Picture yourself at Walmart, your favorite nice restaurant, a public park, the mall, a museum, on the beach, at a waterpark, or in the airport. What do all of these places have in common, you might ask. At each of them, you will likely see a variety of people glued to a variety of screens that they hold in the palms of their hands. Look up and notice it sometime.
Our phones, tablets, and laptops can be really beneficial. With the touch of a few buttons, all the information in the world is within our reach. These devices have given me the ability to stay connected to my people while I am at college no less than 346 miles from the nearest ones. They allow me to keep up with important news and be educated concerning current events. They allow me to find the exact location of my friend when she got stuck on the side of the road. In a more scary sense, they allow me to find out an abundance of information about a person all due to the facts they have chosen to display on the internet. There are some negatives.
Please, please hear my heart. If you and I spend many minutes or even hours editing photos in order to create the perfect picture to post, we might consider taking a step back. If we have studied so much the times that get the most likes that the best times are committed to memory, we might consider taking a step back. If we deliberate posting, because we wonder if someone might think less of us, we might consider taking a step back.
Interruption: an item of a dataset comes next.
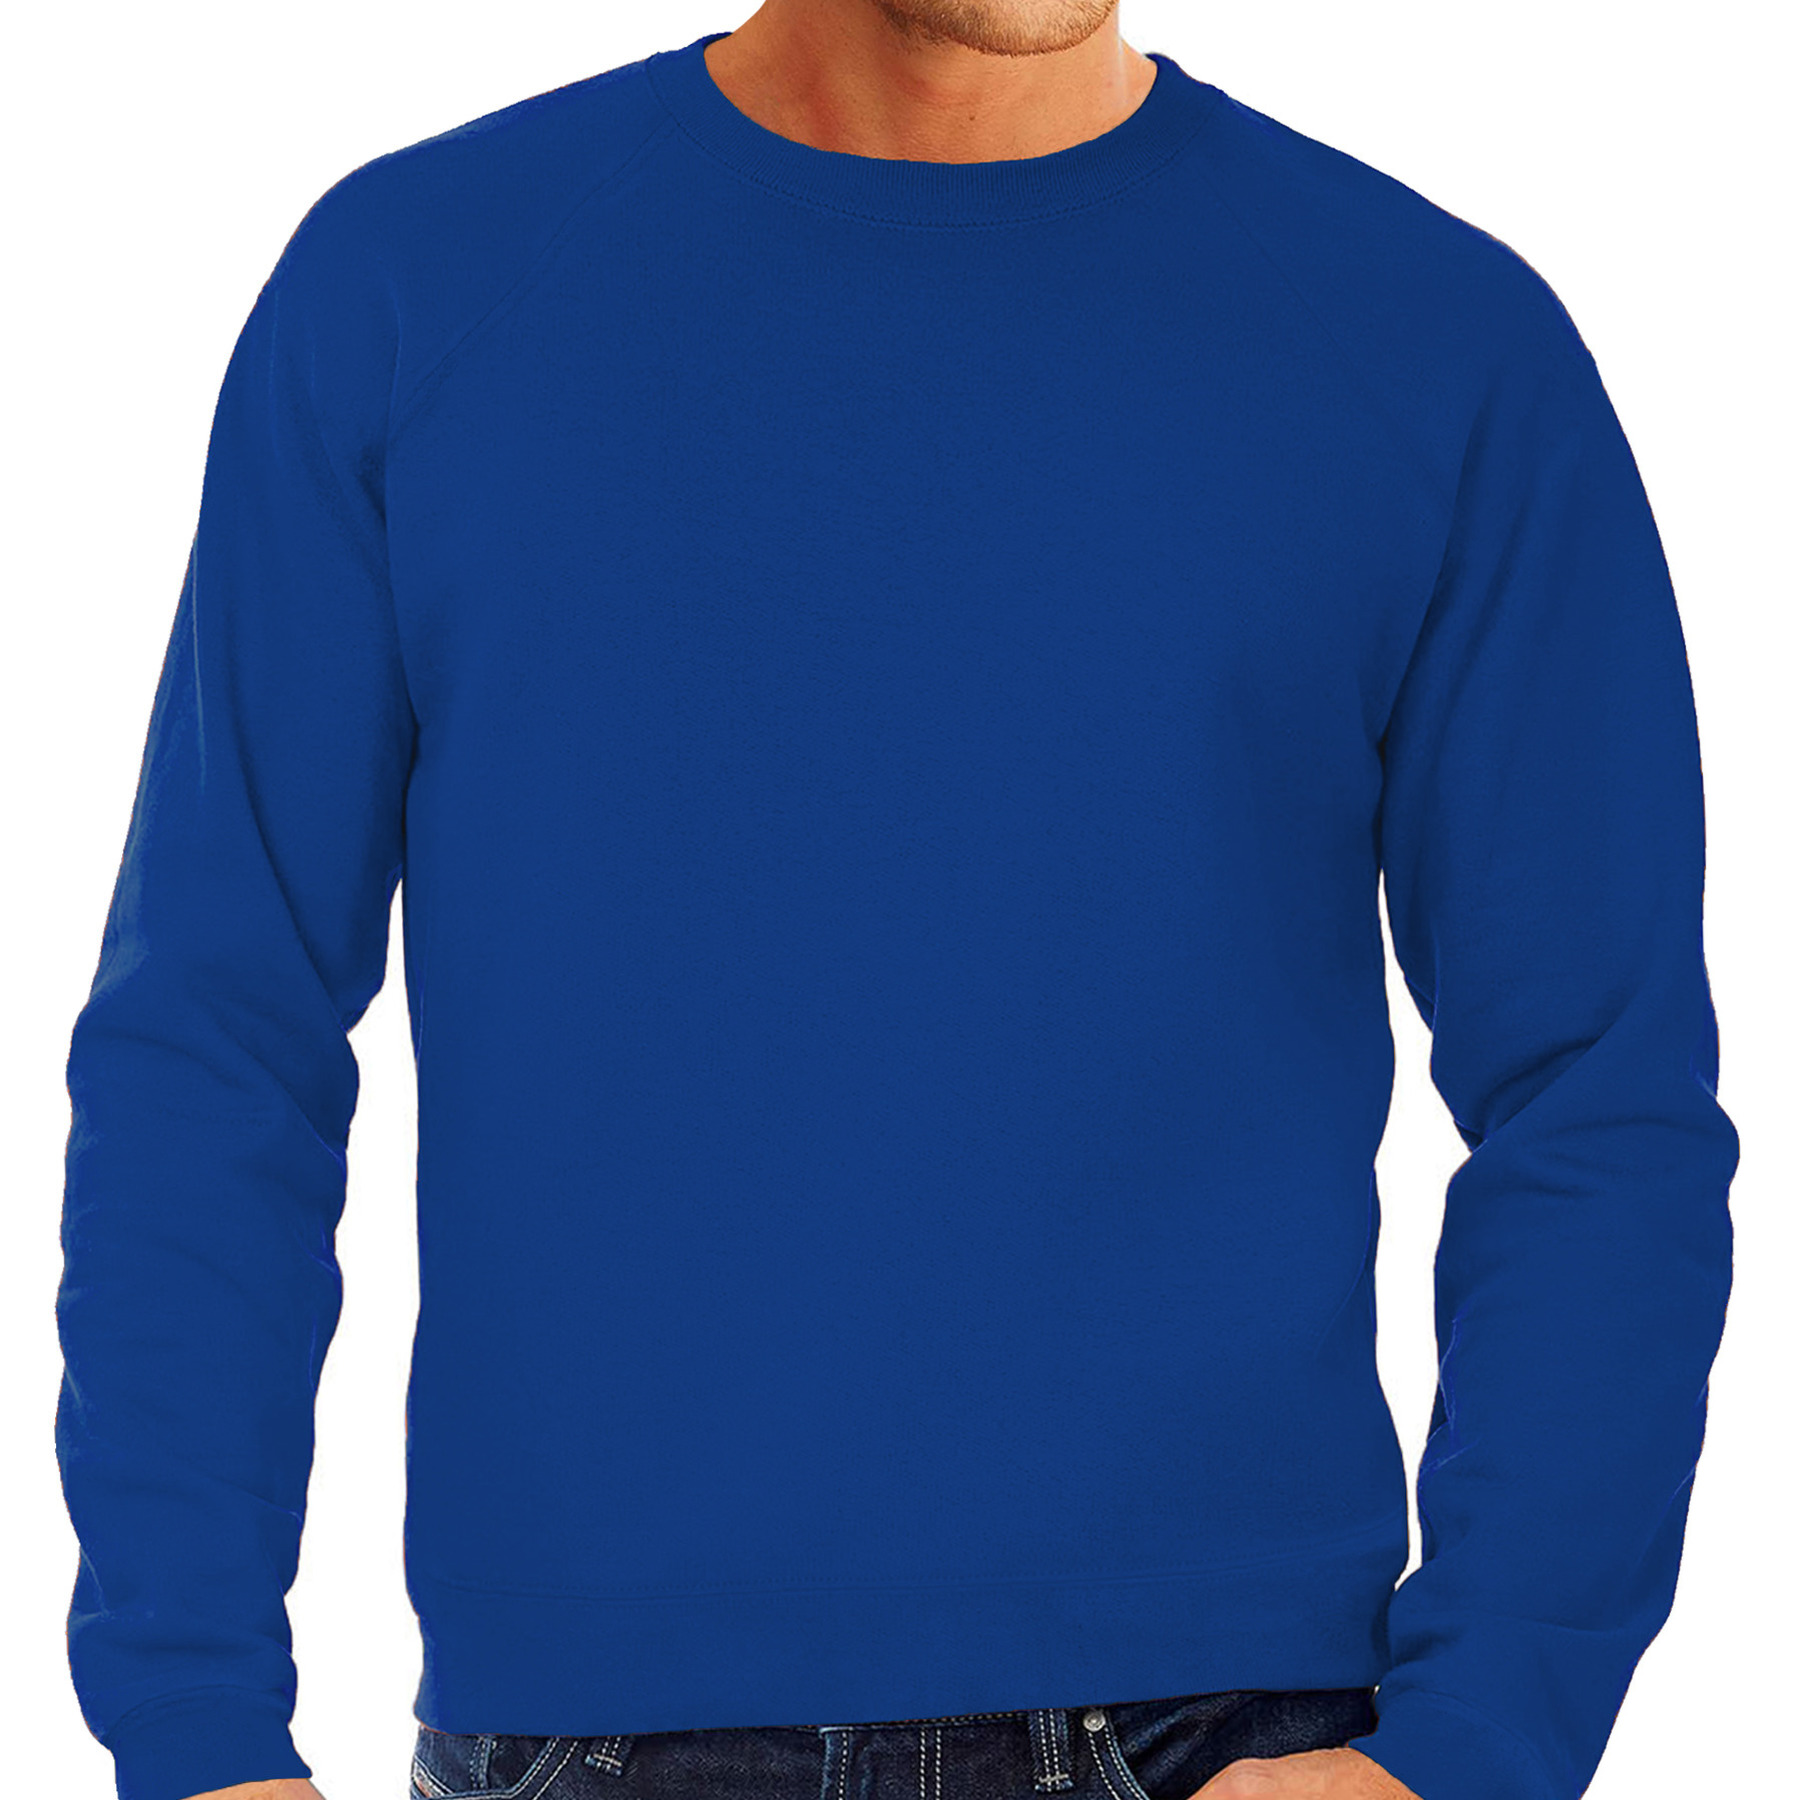 Sweater / sweatshirt trui blauw met ronde hals en raglan mouwen voor mannen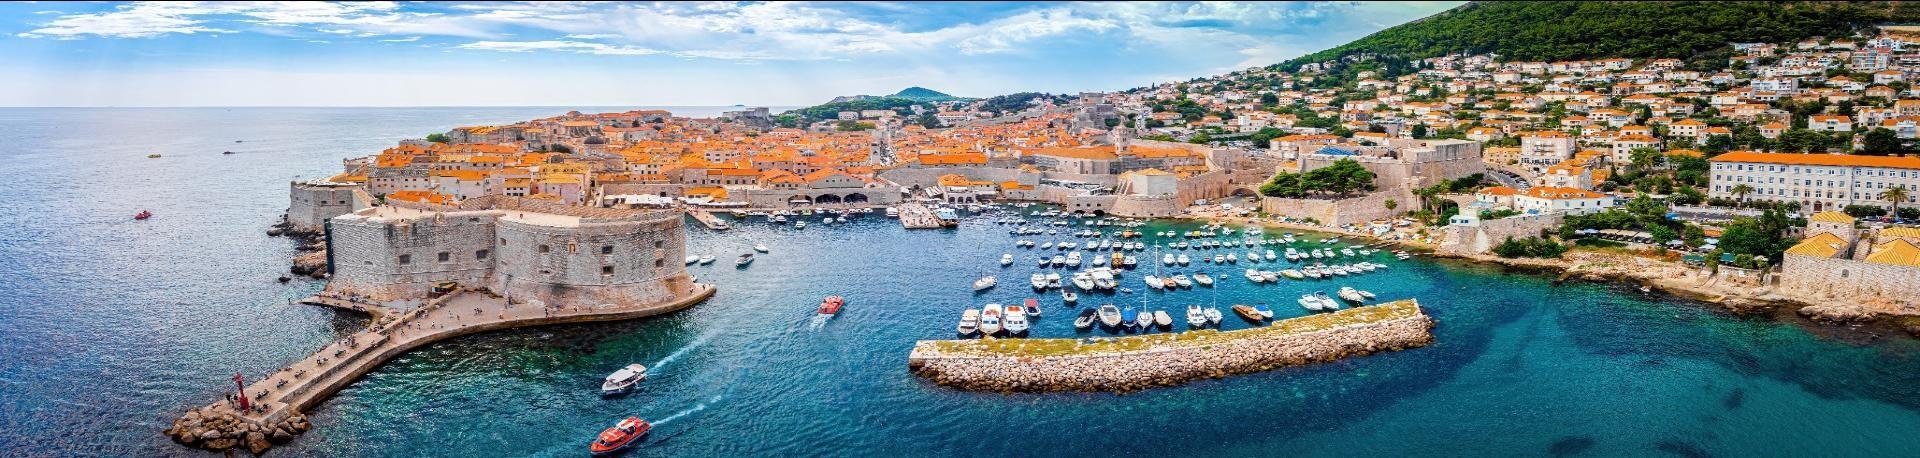 Dubrovnik, een stad in het zuiden van Kroatië

If we do whatever it takes to figure out why our followers number went down, we might consider taking a step back. If we only post to make others feel like you and I live extravagant lives full of tropical vacations and prestigious awards, we might consider taking a step back. I have been there. These are not healthy places to be; they are actually quite unhealthy.
Here is a personal story. About 6 months ago, I decided I did not want to be glued to my phone any longer. I deleted Instagram, committed to using Snapchat less, and set aside periods of time each day to switch my phone to airplane mode and spend those moments with Jesus. Yet, my change in lifestyle began more than a year and a half ago when I deleted the Instagram app off of my phone. I was so addicted to social media that once the app was gone, I would click where the app once was, out of habit, and find myself wondering why I was looking at my calendar. Is anyone else screaming “UNHEALTHY”? My attempt to make my habit more of an occasional thing started as taking a month off from the app, which quickly turned to two months, six months, and eventually, I was just seeing how long I could stay off of it. I got Instagram back for the summer before my freshman year of college. I did not use it much, as it was probably the busiest (good busy) summer of my life. By September, I decided I did not need Instagram to cloud everything else going on with the adjustment-to-college process. I deleted the app off of my phone once again. By the end of my first semester, I had completely deactivated my Instagram account. My people had varied reactions to that.
If this story sounds familiar, it is because I wrote about these same events in “Thoughts on Social Media…” a few months ago. I wrote that article just a few days after I disabled, and I still feel the same way now.
The friends I had when I had Instagram are still my friends. Believe it or not, our relationships are even stronger now. To know what is happening in my friends’ lives now, I either have to personally call them, text them, facetime them, or send them snail mail. They tell me it means a lot to them. Most even go as far as to say that my letter made their day. I know people as they truly are and they know me as I truly am. I want to be real. My social media displayed the good times, the times where my smile was the biggest and my joy was full. But what about all of those days I spent in an endless succession of tears? Pictures of my ugly crying never made it onto your feed, because like I said, it was ugly. Yet, it is those times that make up the most formational moments of my life. I can sit here and say I am so grateful for those times. I would not be nearly as close to Jesus without them. Not showing the hard was not showing the world me for who I truly am. I did not want to live a lie anymore.
On the other hand, I do still have Snapchat, because I feel like it is somewhat more personal than Instagram. I have considered deleting it as well to decrease the amount of time spent on my phone, but I am better able to control myself in the realm of Snapchat, so for now, I am keeping it.
Here is one thing I have noticed: the people I admire most are not addicted to social media. They would not have a problem deleting it completely. Yet, if they have it, they have solid reasons I had never thought of to keep their accounts.
I want my identity to be so wrapped up in Christ that I could not care less whether or not a single soul knows where I am, who I am with, or what I am doing. Would that not be the most healthy and beautiful place to be?
I come to You to pray for my friends. In a world where everyone is telling us we need to have perfect pictures to make sure people know how great we are, we want to be different. Never let us get caught up in believing the lies social media plants in our heads. Let us be real with one another, “sharing everything” (Acts 2:44). Jesus, we want to be near You, and we long to look more like You. Lead us down the path of righteousness (Psalm 23:3). We are nothing without You. Thank You for loving us more than we can fathom. Thank You for relentlessly pursuing us each and every day. We love You!